Note: The following versions of the input editor were used: ArcView interface v2.3 and ArcView v3.2k.

5.1 Using the ArcView interface to generate the cell and reach input files

The ArcView interface is a helpful tool when creating the two input files for cell and reach data. It also contains links to tools such as VBFlownet, GEM, Input editor, AnnAGNPS and the output processor.

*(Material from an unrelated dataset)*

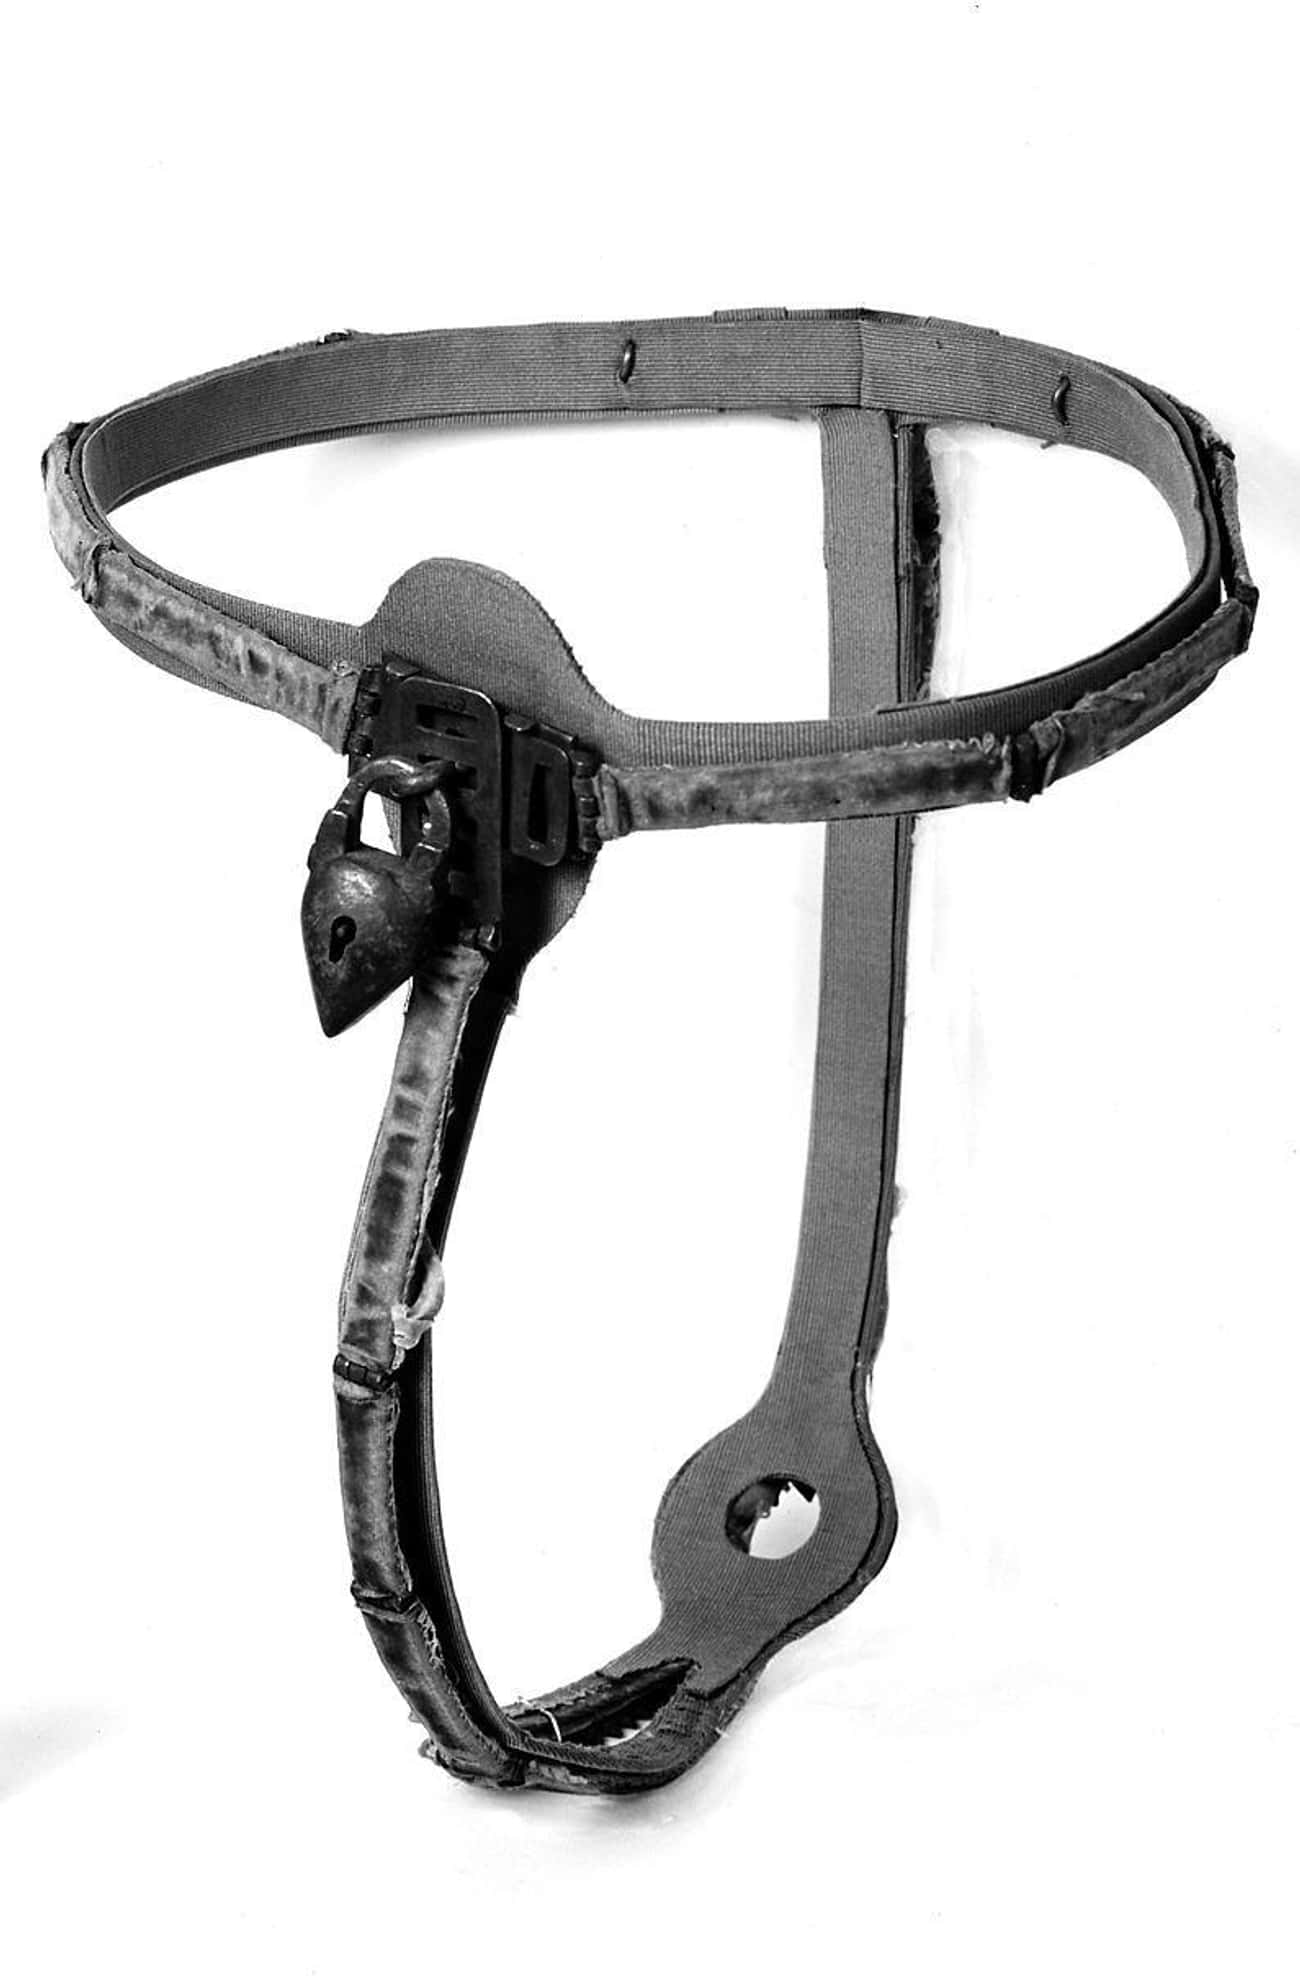 Chastity Belts Would Actually Cause Infections, Sepsis, And Death

For a step-wise description of how the interface is used, see Appendix 10.2 Step by step usage of the ArcView interface is illustrated on page 46.

The sub-catchments of the Morsa watershed are calculated with the interface. These sub-catchments are overlaid on the soil and land-use GIS covers, and the dominating type of soil/field is calculated for each sub-catchment.

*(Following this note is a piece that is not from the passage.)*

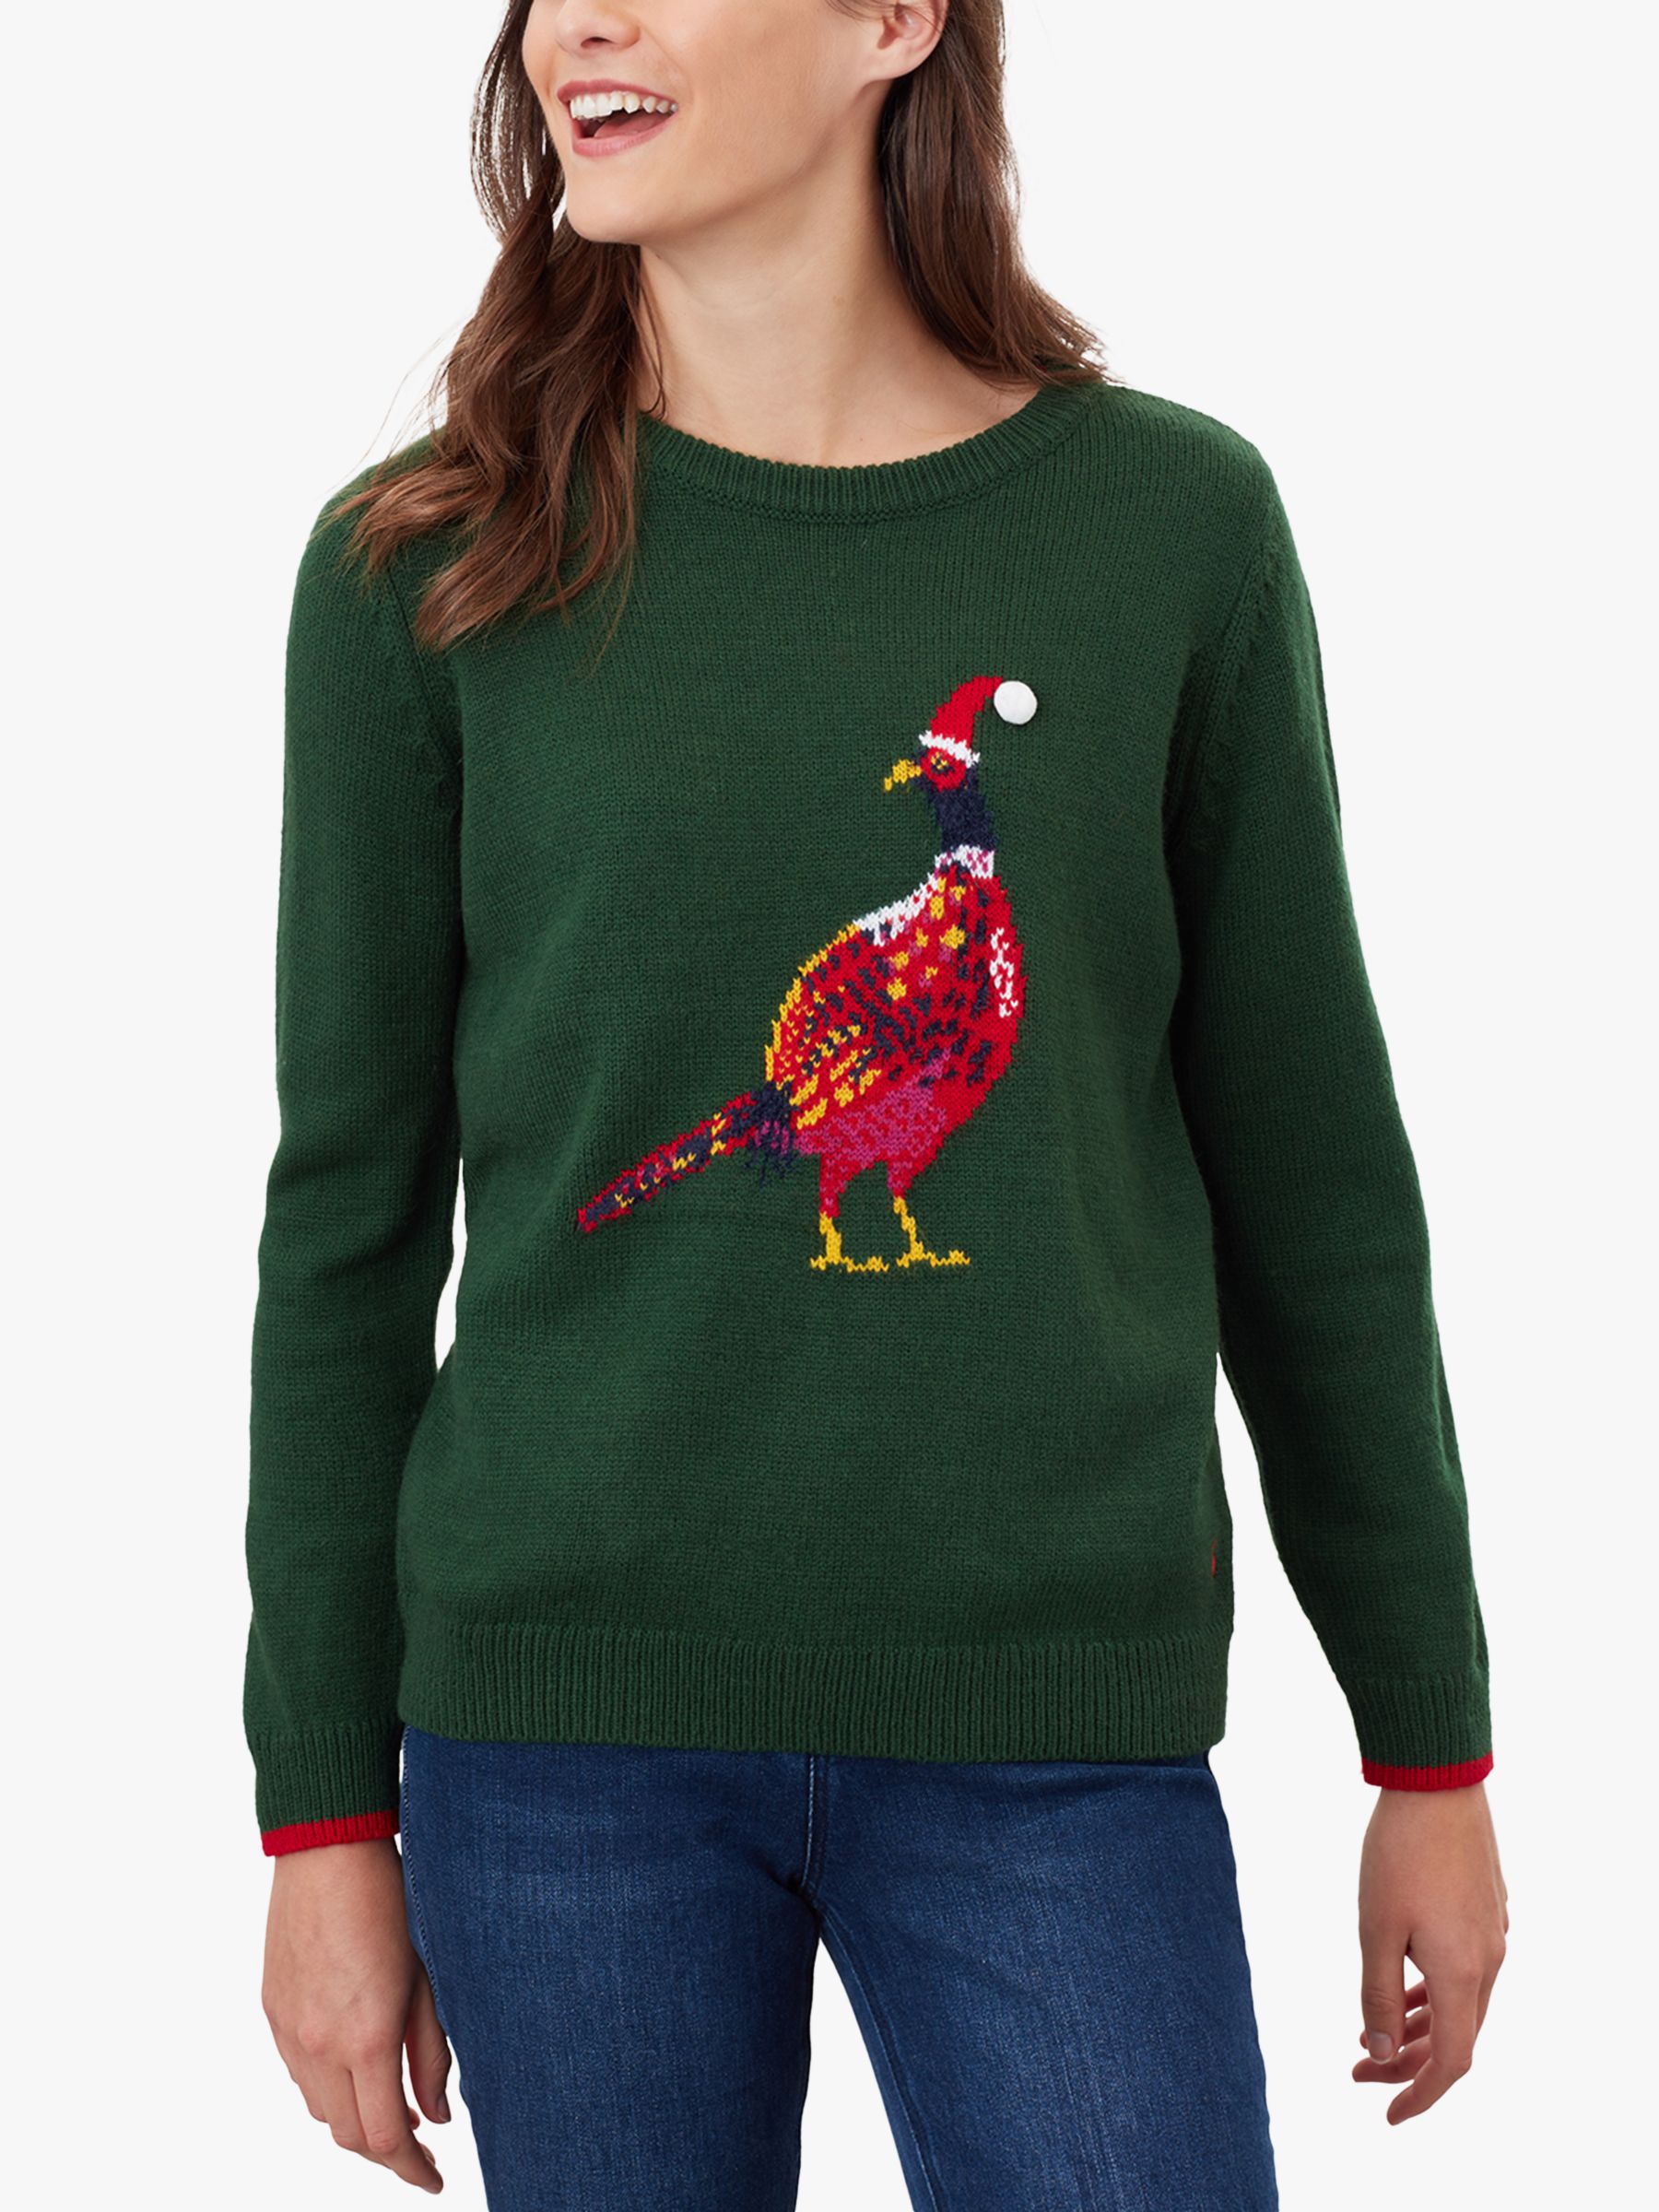 Joules The Cracking Festive Jumper

Figure 5.1-1. The subwatersheds with fields (left) and soils (right) intersected. In the middle the streamgrid between the cells is shown.

The middle picture of Figure 5.1-1 is a product of a program called VBFlownet that is supplied with the AGNPS package, it provides visual output of the parameters that are created with the ArcView interface. This can all be done within ArcView, but VBFlownet offers functions especially dedicated to this task. For instance, it is possible to click on a sub-catchment in order to see the streams within each cell. This is illustrated in Figure 5.1-2.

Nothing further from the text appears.